Jax clapped my shoulder hard enough to jolt me forward. “Then we win. Makes everything else background noise.”
It was simple in his mind. Win. Scoreboard over scandal. Part of me appreciated that.
The locker room door creaked open again.
Logan strolled in, phone half-hidden in his palm. Third string, but carrying himself as if the depth chart were temporary.
His dad used to move through King Enterprises offices with quiet authority. Now he didn’t.
Money hadn’t disappeared—but it had grown tense in his house. College wasn’t guaranteed anymore. Neither was anything else.
The smirk remained. It just didn’t sit as easily.
“Well,” he drawled, gaze flicking between us. “Heard the gala was eventful.”
My spine went rigid.
Theo muttered under his breath, barely audible. “Funny how news travels fast.”
Logan’s smirk held. “Word gets around.”
“Didn’t hear you were invited,” Chase replied evenly.
“I had better things to do.”
Jax scoffed. “Sure you did.”
Logan’s gaze fixed on me, assessing and waiting for a reaction.
He wouldn’t get one. “Practice,” I ordered. The word cut clean through the tension. Helmets went on. Gloves pulled tight. Skate guards snapped off and clattered into lockers. We filed toward the tunnel, rubber flooring thudding beneath heavy strides.

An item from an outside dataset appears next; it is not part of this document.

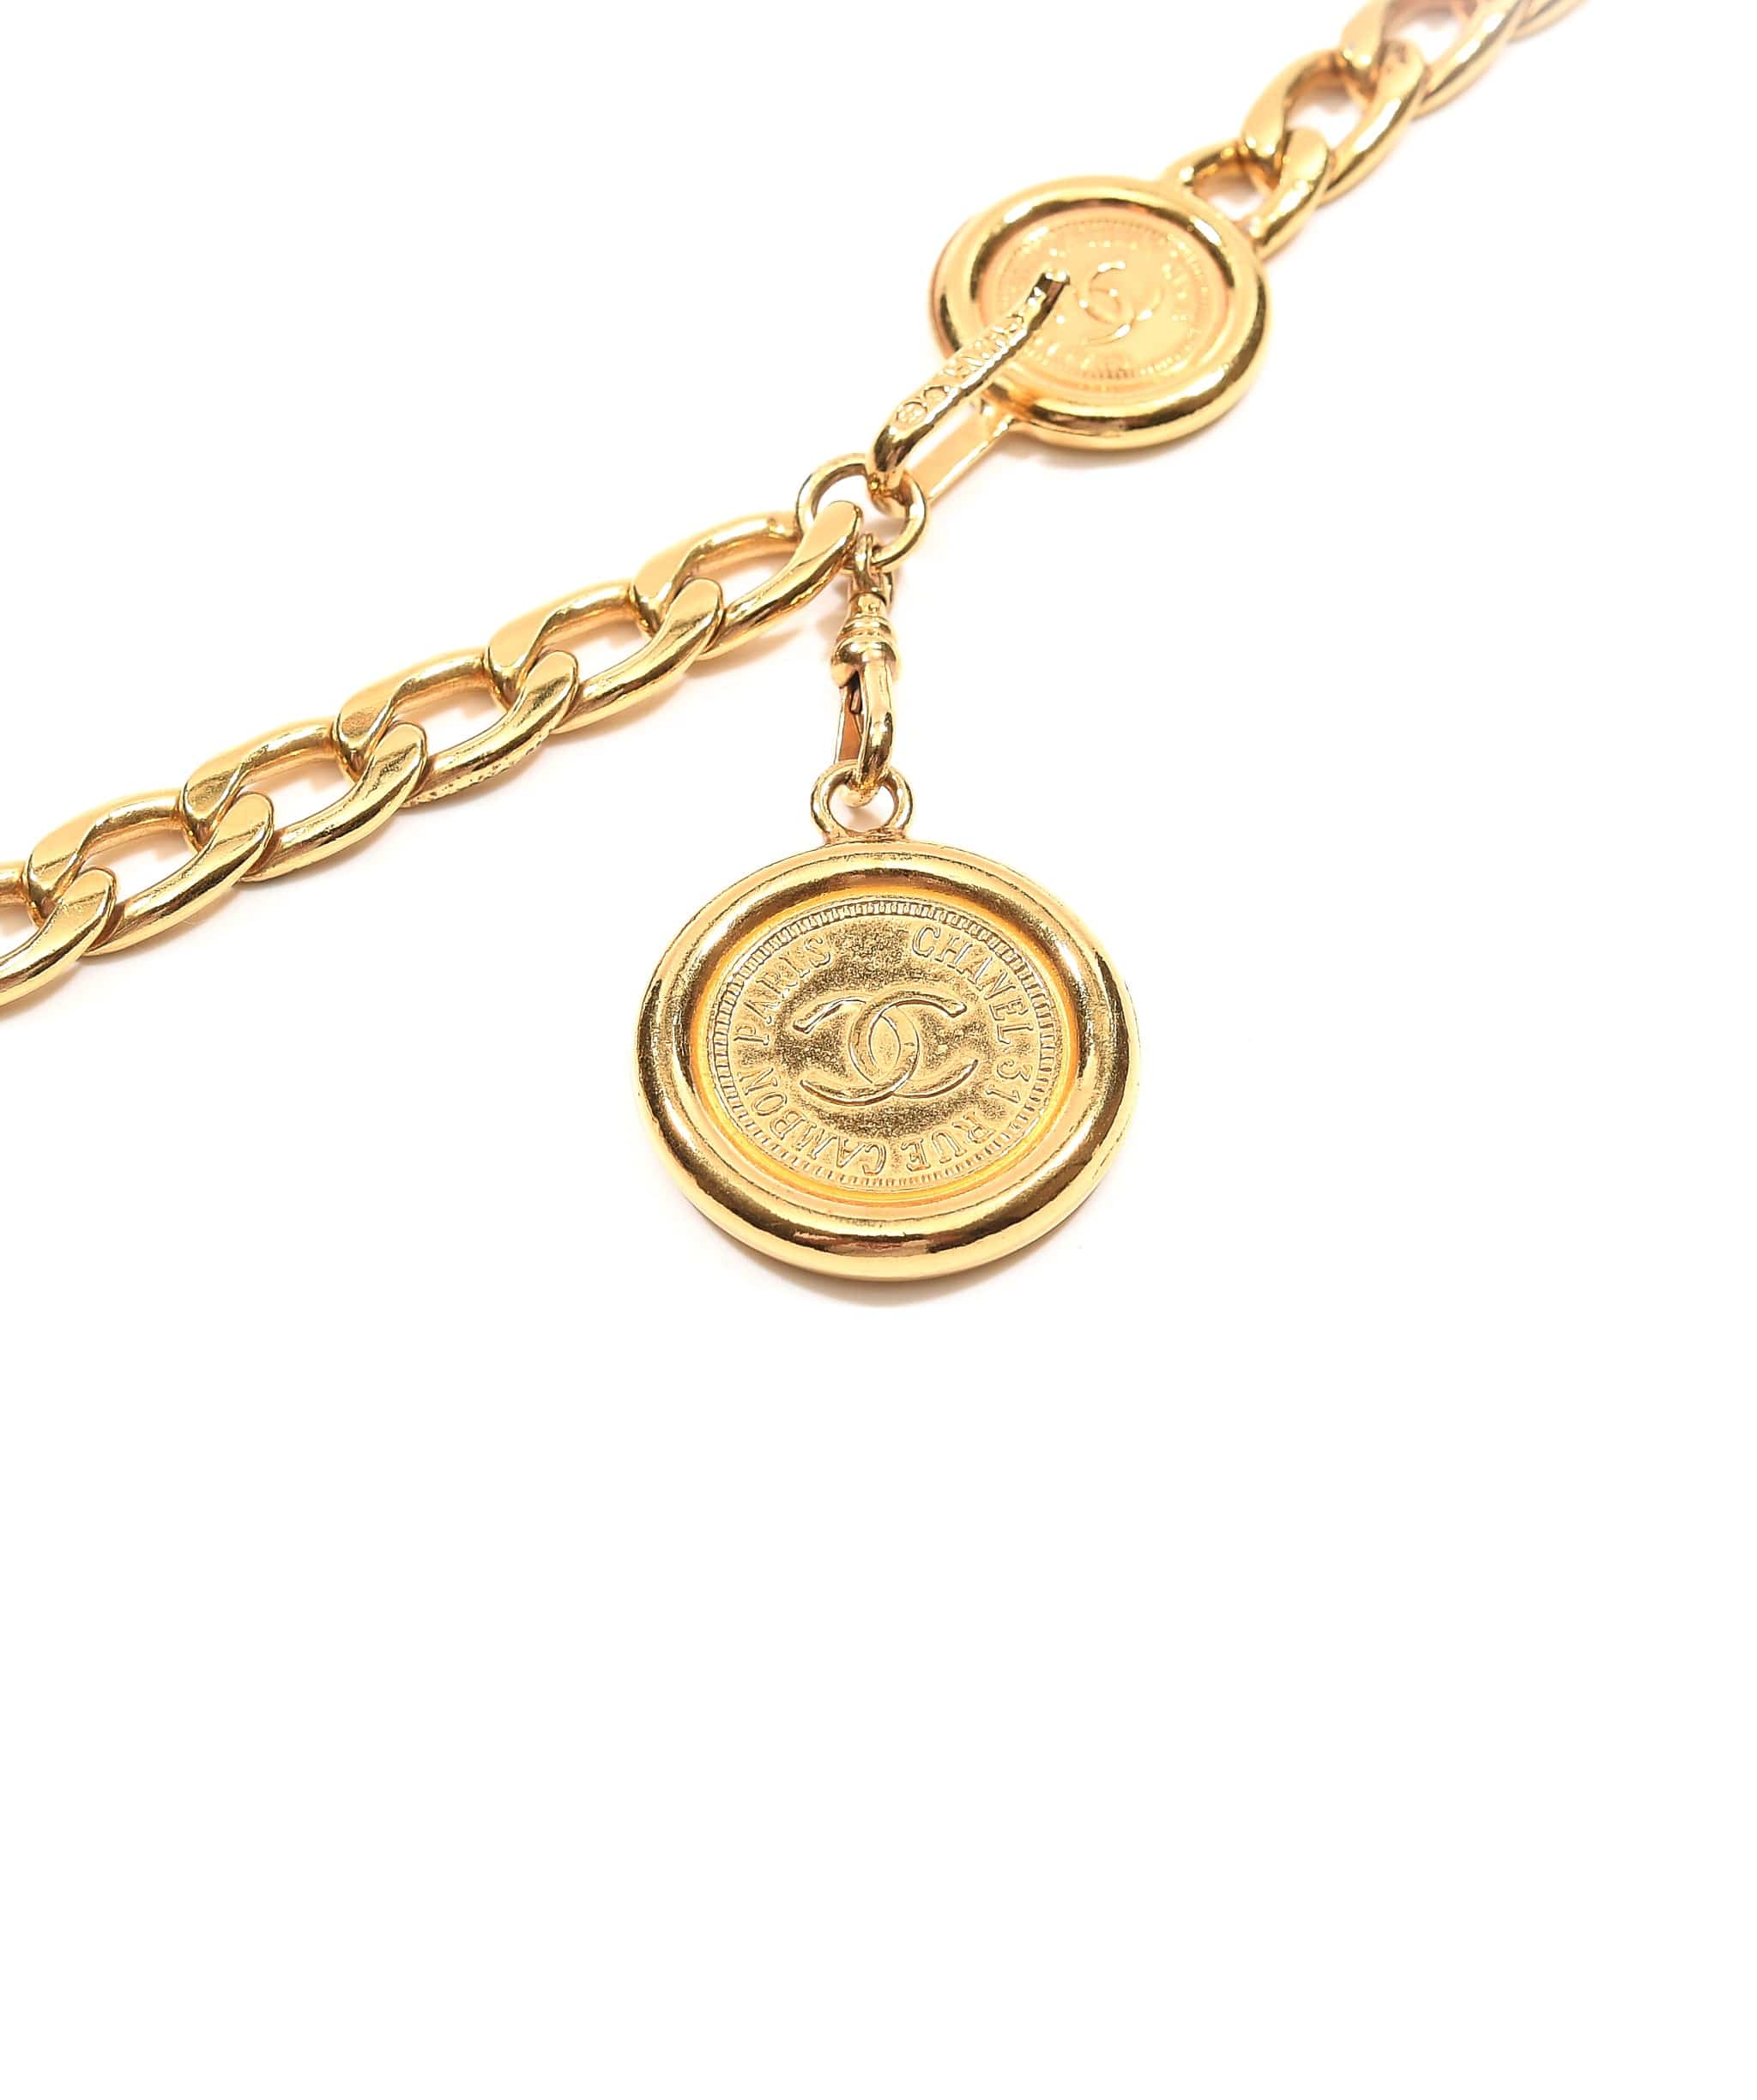 Chanel Preloved Chanel Vintage Chain Belt with 6 CC Medallions SKC1061

The cold hit the second we stepped onto the ice. I pushed off, letting the glide carry me the length of the rink before digging in deeper. The first few laps loosened what had built in my chest. By the third, my breathing evened out. By the fifth, my legs began to feel the work.

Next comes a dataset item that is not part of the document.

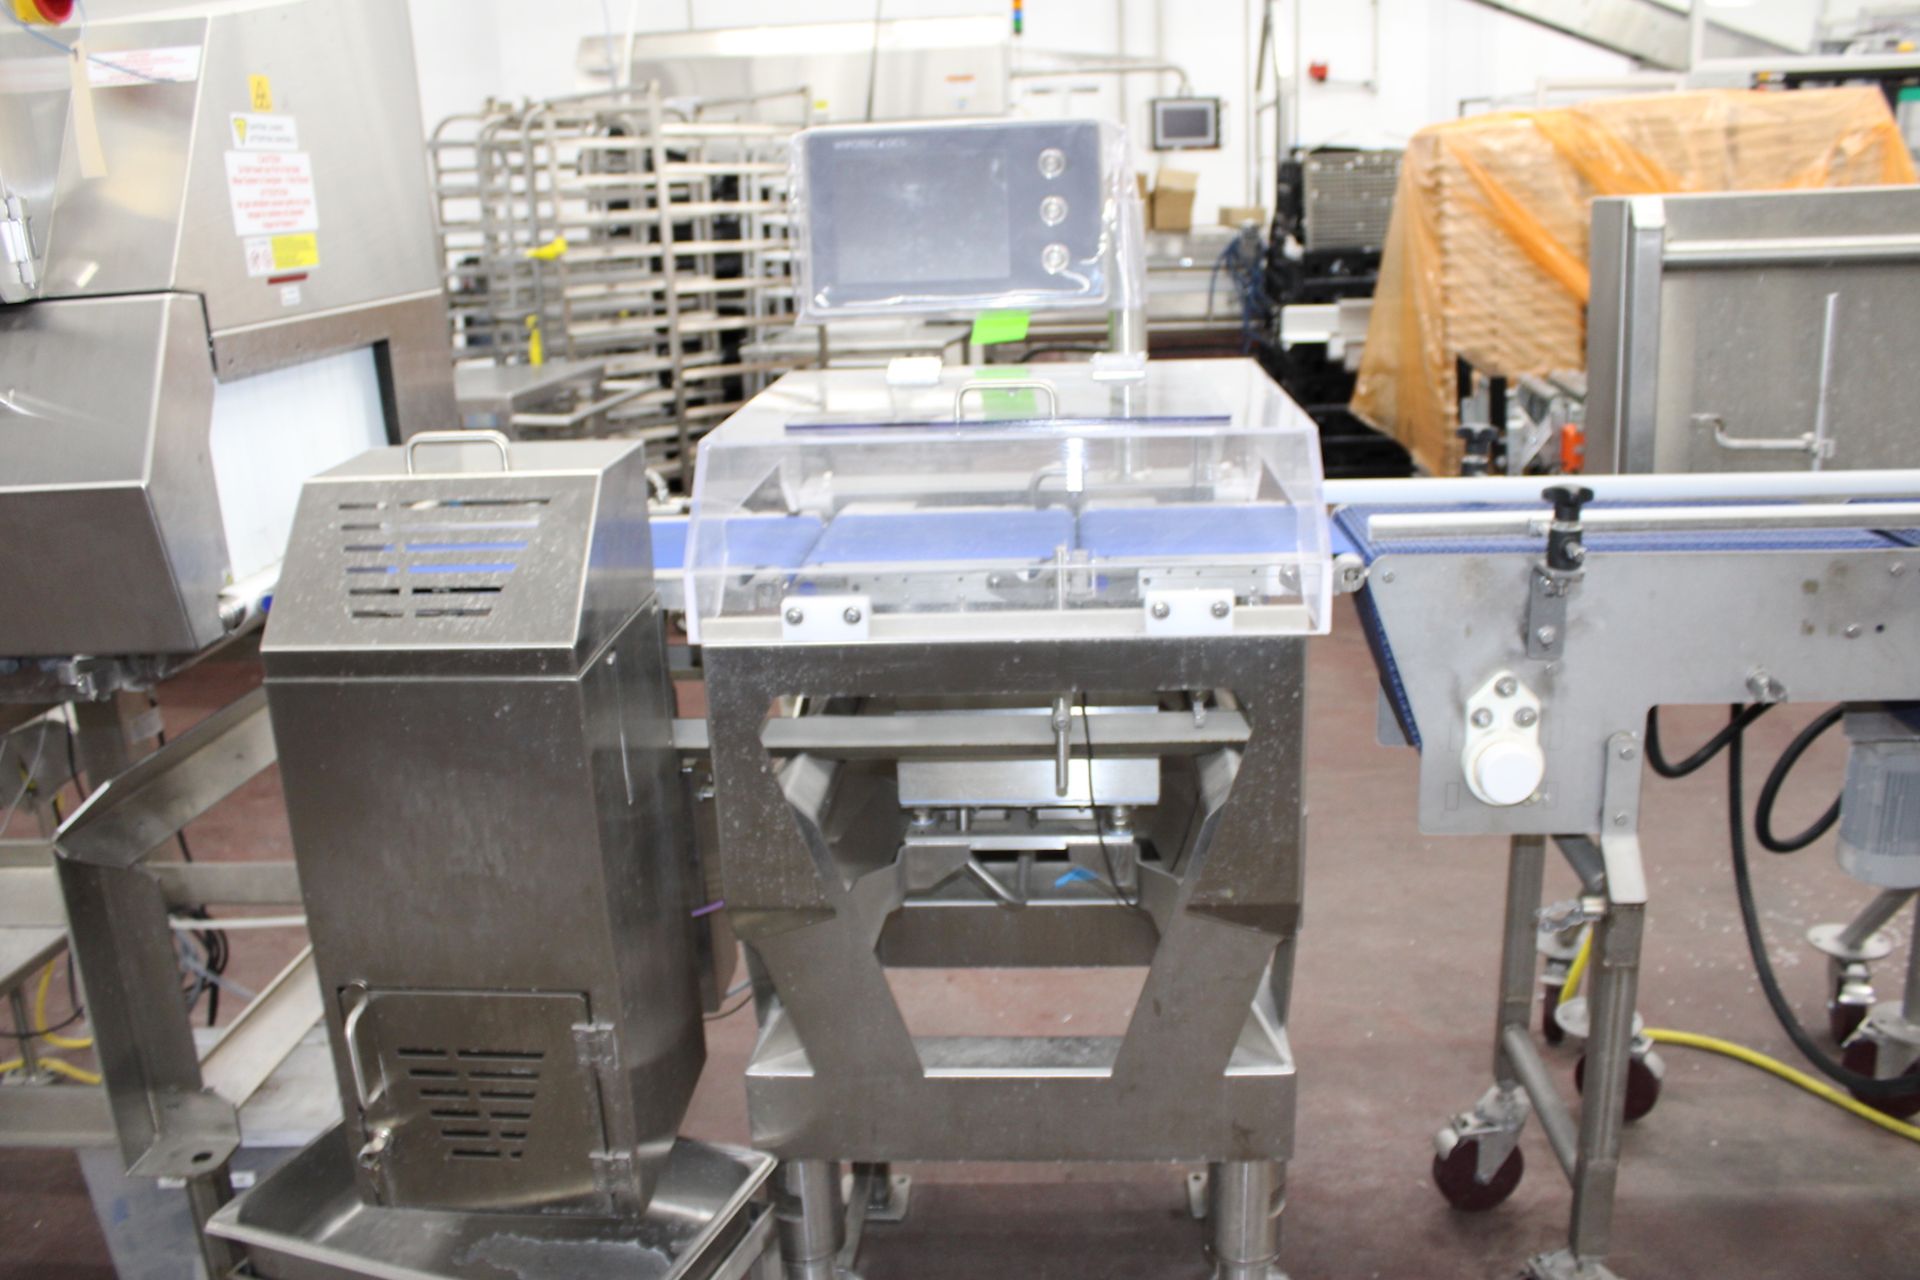 2022 WIPOTEC CHECKWEIGHER, MODEL 71201451, TYPE HC-M, S/N 1201451, WITH PRODUCT REJECT STATION

Logan circled wide, that faint smirk still hovering as he tracked me. A storm cloud in his expression.
I didn’t break eye contact when we passed. If Elise thought she’d rattle me before college coaches and scouts filled the stands next week, she was wrong. I was already committed to Michigan. The signing was a formality. They wanted me—badly.
She wasn’t taking that from me.
I leaned into the next drill, cutting hard left and snapping a shot high into the top corner past our backup goalie before he finished setting his angle. The puck hit the netting with a violent snap.
Jax whooped from center ice. “There he is.”
Theo’s voice carried across the rink. “Again.”
Good. I wanted the repetition. Advance. Adjust. Strike. Whatever battle brewed off the ice would not bleed into my game. And if Logan carried messages between him and Elise, if that smirk meant something already in motion—let it.
I drove harder into the next play, shoulder checking Logan clean into the boards when he hesitated half a second too long.
He glanced back at me, irritation flashing.
I skated past without acknowledgment. Pressure didn’t slow me down. It made me dangerous.
CHAPTER FOUR
MILA
Sunday arrived with coastal fog that rolled in low, blurring the edges of the boardwalk and muting the world into something gentler than reality. The café windows where I was headed to meet Avery glowed amber against the gray, condensation gathering at the corners of the glass.